浅谈Python基础篇

本文深入探讨Python中列表、字典、集合、元组的高级应用,包括数据解析、统计重复元素、排序及字典操作。同时,覆盖迭代器、生成器的使用,字符串处理技巧,以及文件读写、JSON、CSV、XML和Excel的操作方法。

摘要生成于 C知道 ,由 DeepSeek-R1 满血版支持, 前往体验 >

一,列表、字典、集合、元组的使用

from random import randint, sample

 

# 列表解析

data = [randint(-10, 10) for _ in xrange(10)]

 

filter(lambda x: x >= 0, data)

[x for x in data if x >= 0]      #最快速

 

# 字典解析

d = {x: randint(60, 100) for x in xrange(1,21)}

 

{k : v for k, v in d.iteritems() if v > 90}

 

# 集合解析

s = set(data)

{x for x in s if x % 3 ==0}

 

 

# 元组

student = ('Jim', 16, 'male', 'jim@qq.com')

# 1. enum

NAME, AGE, SEX, EMAIL = xrange(4)

print student[NAME]

# 2. 

from collections import namedtuple

Student = namedtuuple('Student', ['name', 'age', 'sex', 'email'])

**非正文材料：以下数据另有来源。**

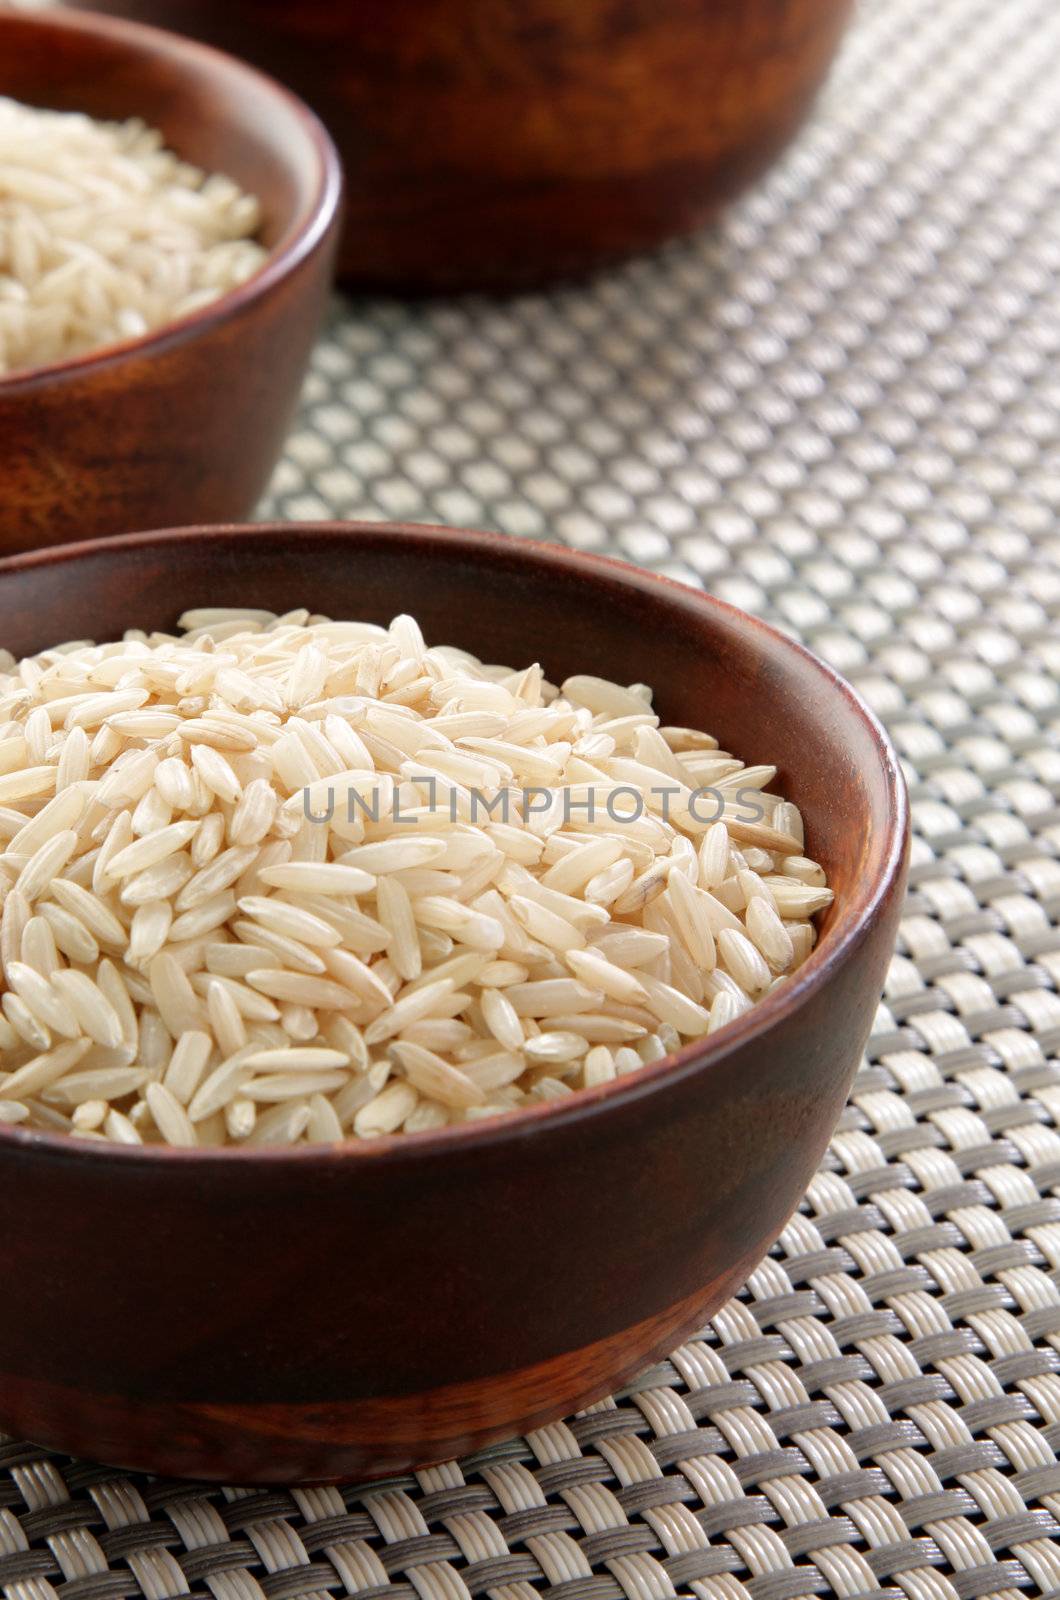 Several bowls of healthy organic basmati rice.

s2 = Student('Tom', 16, 'mail', 'tom@qq.com')

print s2.name

 

 

# 统计列表的重复元素

li = [randint(0, 20) for _ in xrange(30)]

d = dict.fromkeys(li, 0)

# 1. 

for x in li: d[x] += 1

# 2. 

from collections import Counter

d2 = Counter(li)

d2.most_common(3) #重复数最高的三个元素

 

# 字典根据值value排序

sorted([3, 1, 5]) #排序列表

(97, 'a') > (88, 'b') # 元组的比较,每个元素从开始比较

 

d = {x: randint(60, 100) for x in 'abcde'}

# 1.

data = zip(d.itervalues(), d.iterkeys())

sorted(data)

# 2. 

sorted(d.items(), key=lambda x: x[1])

 

 

# 多个字典中的公共键

sample('abcdefg', 3)

sample('abcdefg', randint(3,6)) # 随机取出几个元素

 

s1 = {x: randint(1,4) for x in sample('abcdefg', randint(3.6))}

s2 = {x: randint(1,4) for x in sample('abcdefg', randint(3.6))}

s3 = {x: randint(1,4) for x in sample('abcdefg', randint(3.6))}

 

# 1. 

res = []

for k in s1: if k in s2 and k in s3: res.append(k) # res.pop(k)

 

# 2. 使用集合

res = s1.viewkeys() & s2.viewkeys() & s3.viewkeys()

 

# 3. 

m1 = map(dict.viewkeys, [s1, s2, s3])

res = reduce(lambda a, b: a & b, m1)

 

 

# 保持字典有序

d =  {'Jim':(1, 35), 'Leo':(2, 38), 'Tom':(3, 44)}

 

from collections import OrderedDict

d = OrderedDict() #按进入字典的顺序打印

d['Jim'] = (1,35)

d['Leo'] = (2,38)

d['Tom'] = (3,44)

 

from time import time

start = time()

raw_input() #等待输入

# ...

timesecond = time() - start

 

 

# 历史记录

# 1. 用队列存储

from collections import deque

q = deque([], 5)

q.append(1) # 达到长度后,先进先出

 

li = list(q) # 转换成列表类型

 

# 2. 将q存到文件中

import pickle

pickle.dump(q, open('test','w'))

 

q2 = pickle.load(open('test','r'))

 
二、迭代器、生成器


# 实现可迭代对象、迭代器对象

# 用时访问 并封装到一个对象中

 

# 可迭代对象

li = [1,2,3,4]

str= 'abcde'

 

# 迭代器

iterl = iter(li)    # li.__iter__()

iters = iter(str)   # str.__getitem__()

 

iterl.next()

 

# 1. 城市天气的迭代器和可迭代对象

from collections import Iterable, Iterator

class WIterator(Iterator):

    def __init__(self, cities):

        self.cities = cities

        self.index  = 0

 

    def getWeather(city):

        import requests

        r = requests.get(u'http://wthrcdn.etouch.cn/weather_mini?city=' + city)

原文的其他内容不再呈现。